Intelligent Musical Instruments Lab
The goal of the intelligent musical instruments lab is to create new kinds of musical instruments that sense and understand music. These instruments will actively respond during performances to assist musicians.
We envision that musical instruments of the future will do more than react to musicians. They will predict their human player’s intentions and sense the current artistic context. Intelligent instruments will use this information to shape their sonic output. They might seamlessly add expression to sounds, update controller mappings, or even generate notes that the performer hasn’t played (yet!).
The idea here is not to put musicians out of work. We want to create tools that allow musicians to reach the highest levels of artistic expression, and that assist novice users in experiencing the excitement and flow of performance. Imagine an expert musician recording themselves on different instruments in their studio, and then performing a track with a live AI-generated ensemble, trained in their style. Think of a music student who can join their teachers in a jazz combo, learning how to follow the form of the song without worrying about playing wrong notes in their solo.
We think that combining music technology with AI and machine learning can lead to a plethora of new musical instruments. Our mission is to develop new intelligent instruments, perform with them, and bring them to a broad audience of musicians and performers. Along the way, we want to find out what intelligent instruments mean to musicians, to their music-making process, and what new music these tools can create!
Our work combines three cutting edge fields of research:
- Expressive Musical Sensing: Understanding how music is played and what performers are doing. This involves hardware prototyping, creating new hyper-instruments, and applying cutting-edge sensors.
- Musical Machine Learning: Creating and training predictive models of musical notes, sounds, and gestures. This includes applying techniques symbolic music generation, to understand scores and MIDI data, and music information retrieval to “hear” music in audio data.
- Musical Human-Computer Interaction: Finding new ways for predictive models to work with musicians, and to analyse the musical experience that emerges.
Here’s some information about some musical AI projects we have worked on.
Intelligent Musical Prediction System (IMPS)
The Intelligent Musical Prediction System (IMPS) is a system for connecting musicians and interface developers with deep neural networks. IMPS connects with any musical interface or software using open sound control (OSC) and helps users to record a dataset, train a neural network and interact with it in real-time performance. See it in action in demo video below:
Physical Musical RNN
This project was to develop a physically encapsulated musical neural network. The box contains a Raspberry running a melody-generating recurrent neural network that continually composes music. You can adjust the sound, tempo, the ML-model used, and the “randomness” of the chosen samples to guide the music making process.
PhaseRings for ML-connected touchscreen ensemble
PhaseRings is a touchscreen instrument that works with an ML-connected ensemble. A server tracks the four performer’s improvisations and adjusts their user interface during the performance to give them access to different notes and sounds on their screens.

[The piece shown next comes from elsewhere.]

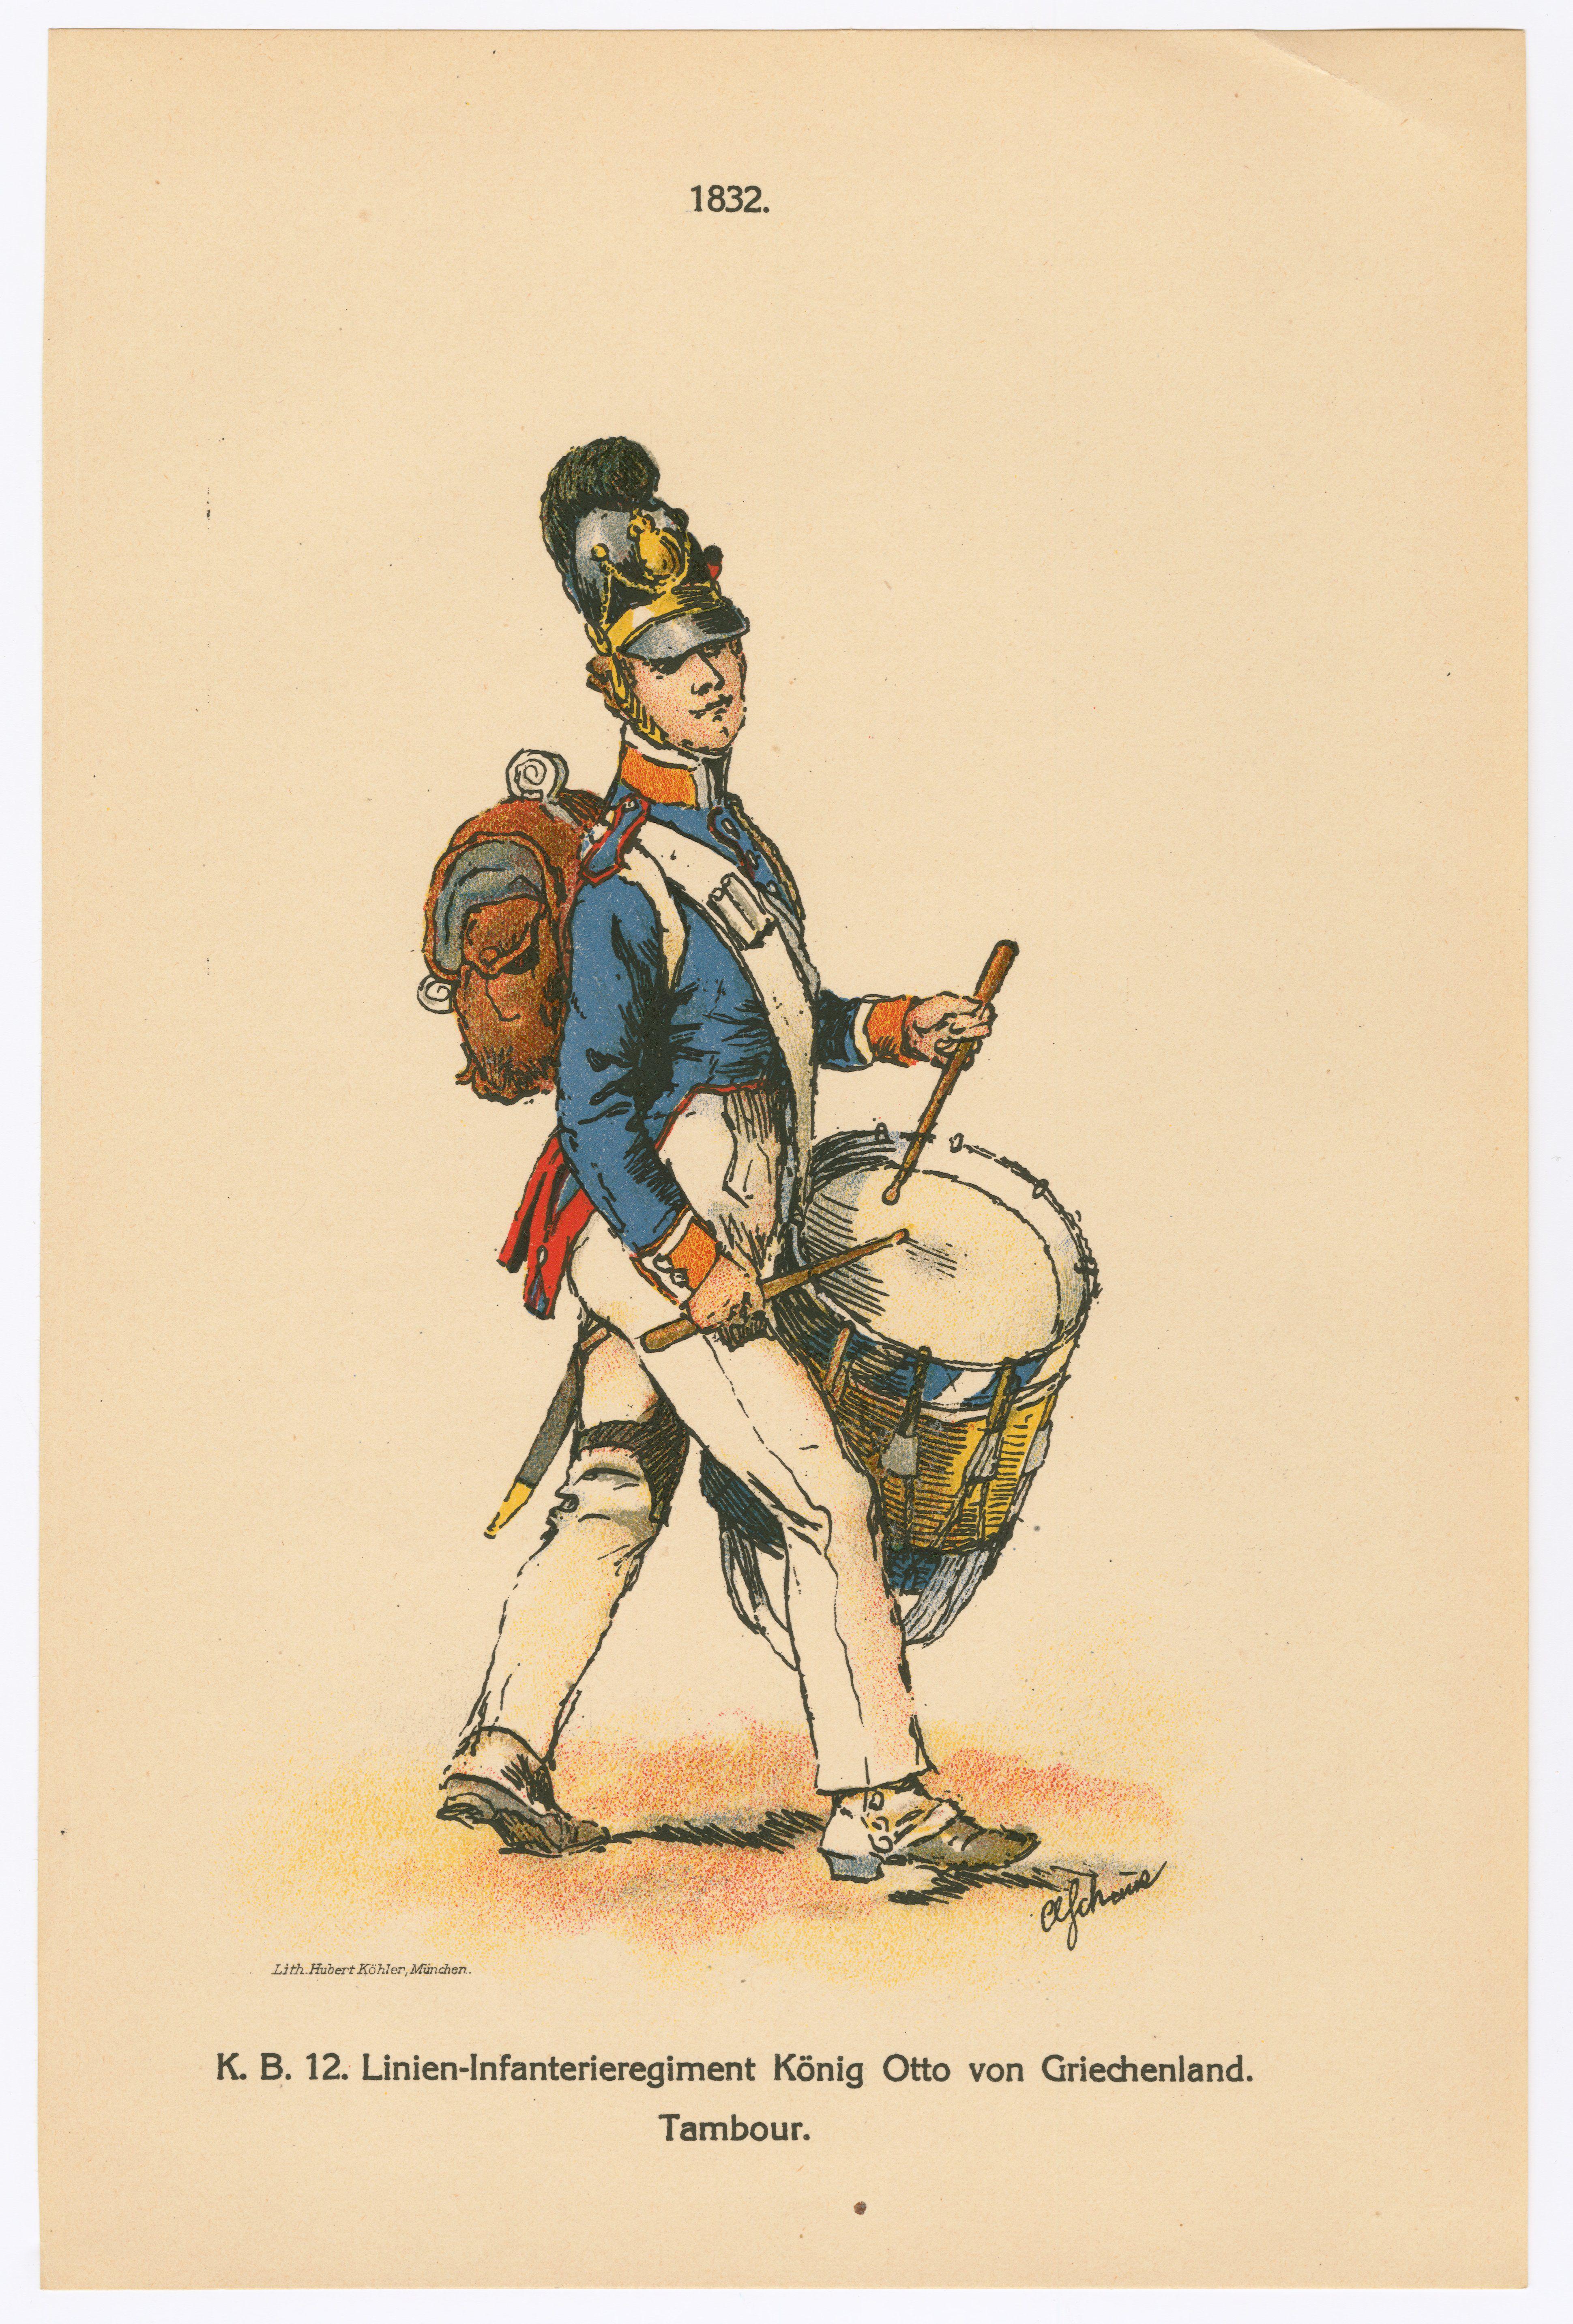 1832. K.B. 12. Linien-Infanterieregiment König Otto von Griechenland. Tambour 1913 Schenck, August Friederich Albrecht (artist)

Self-playing, sensor-driven guitars
This installation of six self-playing, sensor-driven guitars was developed as part of collaborations at the University of Oslo’s RITMO Centre for Interdisciplinary Studies in Rhythm, Time and Motion. Each guitar uses a Bela embedded computer to generate sounds from a speaker driver attached to the guitar body. A distance sensor track the movement of listeners in the environment and the guitars use a firefly synchronisation algorithm to phase in and out of time.
Embodied Predictive Musical Instrument (EMPI)
The EMPI is a minimal electronic musical instrument for experimenting with predictive interaction techniques. It includes a single physical input (a lever) and a matching physical output, built-in speaker, and a Raspberry Pi for sound synthesis and ML computations.